▸ Dataset records:

---+---

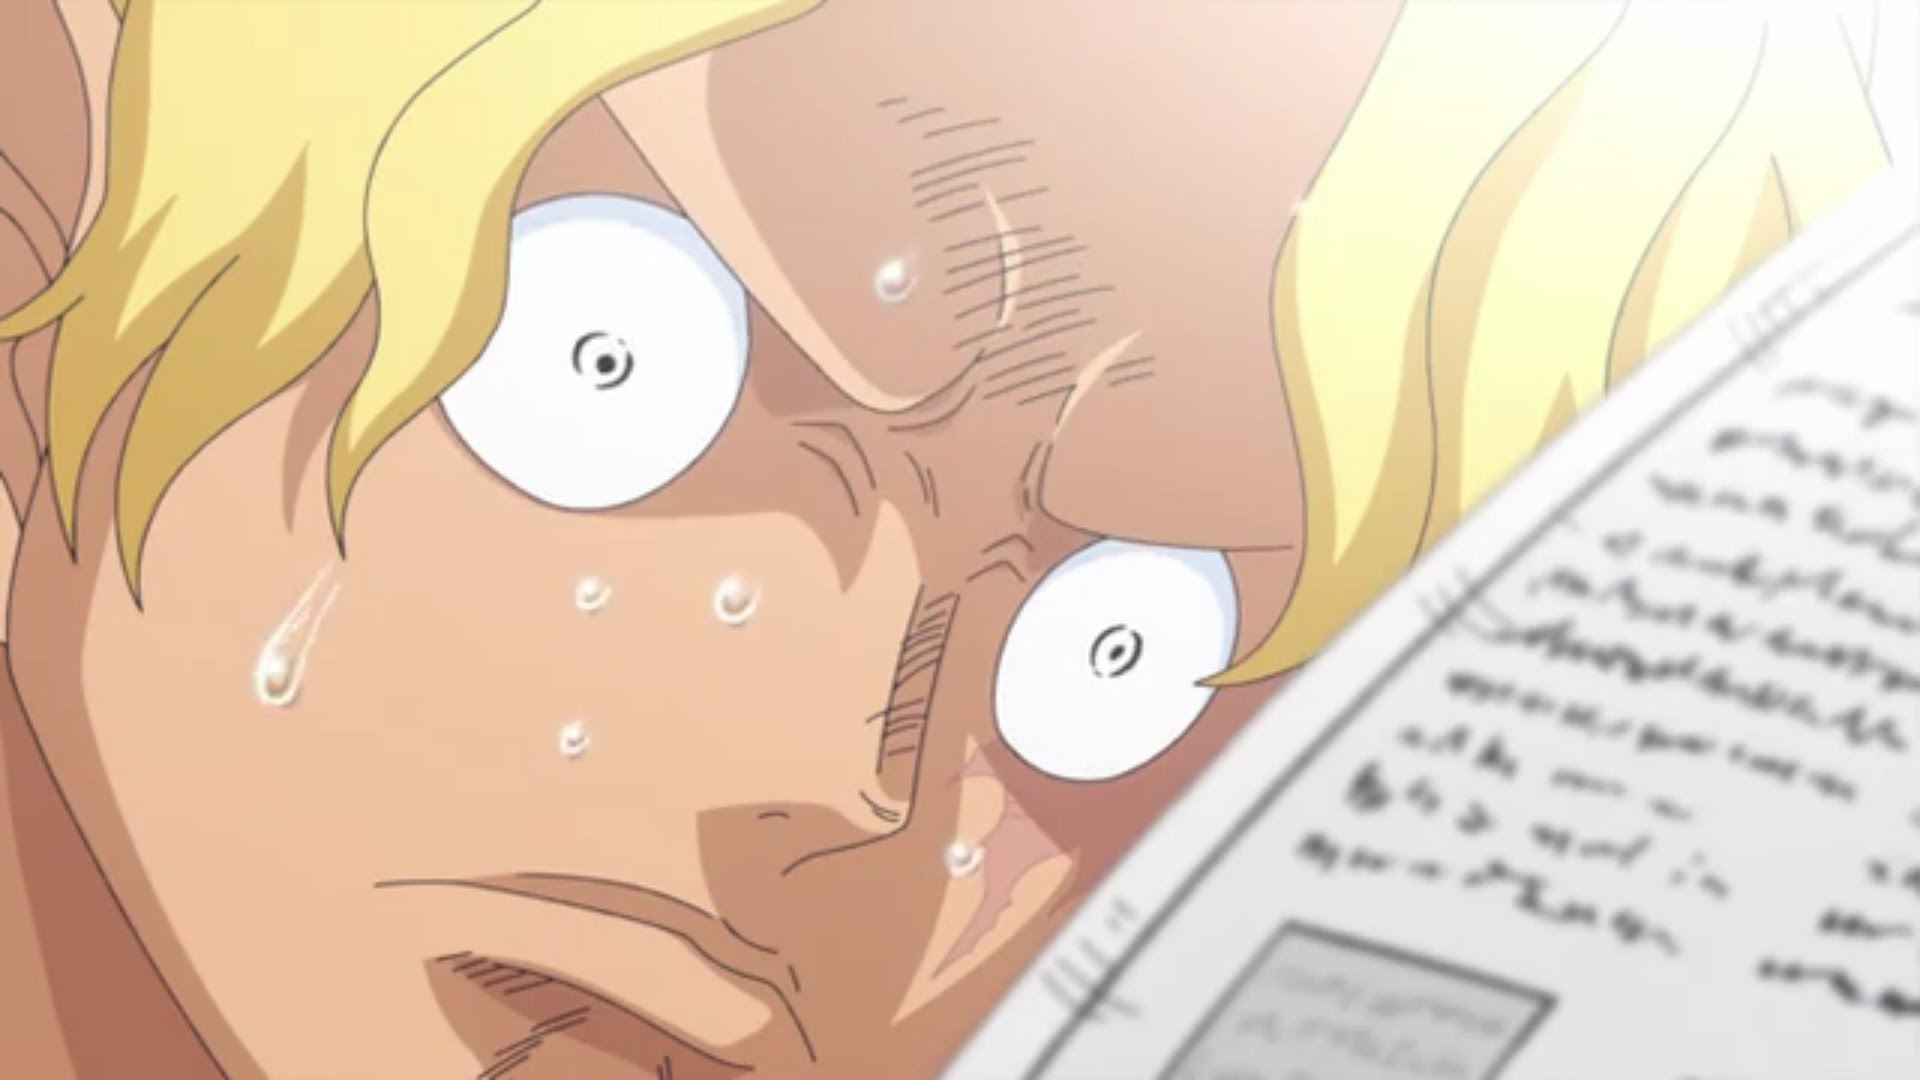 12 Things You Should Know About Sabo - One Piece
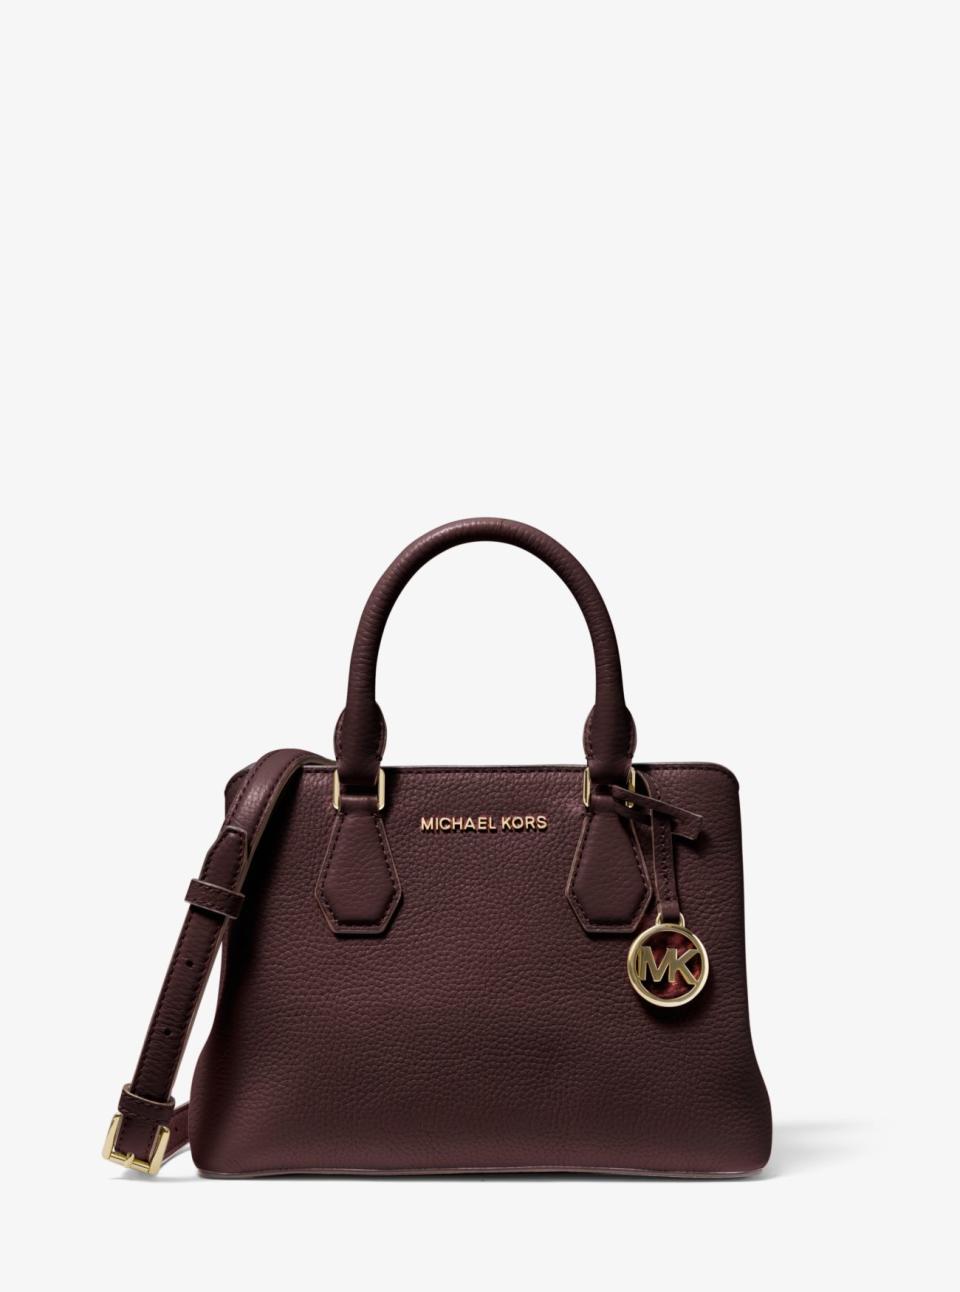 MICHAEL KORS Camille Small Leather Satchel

---+---

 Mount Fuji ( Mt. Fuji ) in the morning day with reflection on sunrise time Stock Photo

---+---

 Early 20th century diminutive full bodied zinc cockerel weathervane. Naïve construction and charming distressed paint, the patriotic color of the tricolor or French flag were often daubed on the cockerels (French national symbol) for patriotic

---+---

▸ Task statement:
The material above holds pictures; leave them out and set down exactly the lines from the line with "12 Things You" to the line with "MICHAEL KORS Camille Small Leather Satchel", both included.

▸ Your response:
 12 Things You Should Know About Sabo - One Piece
 MICHAEL KORS Camille Small Leather Satchel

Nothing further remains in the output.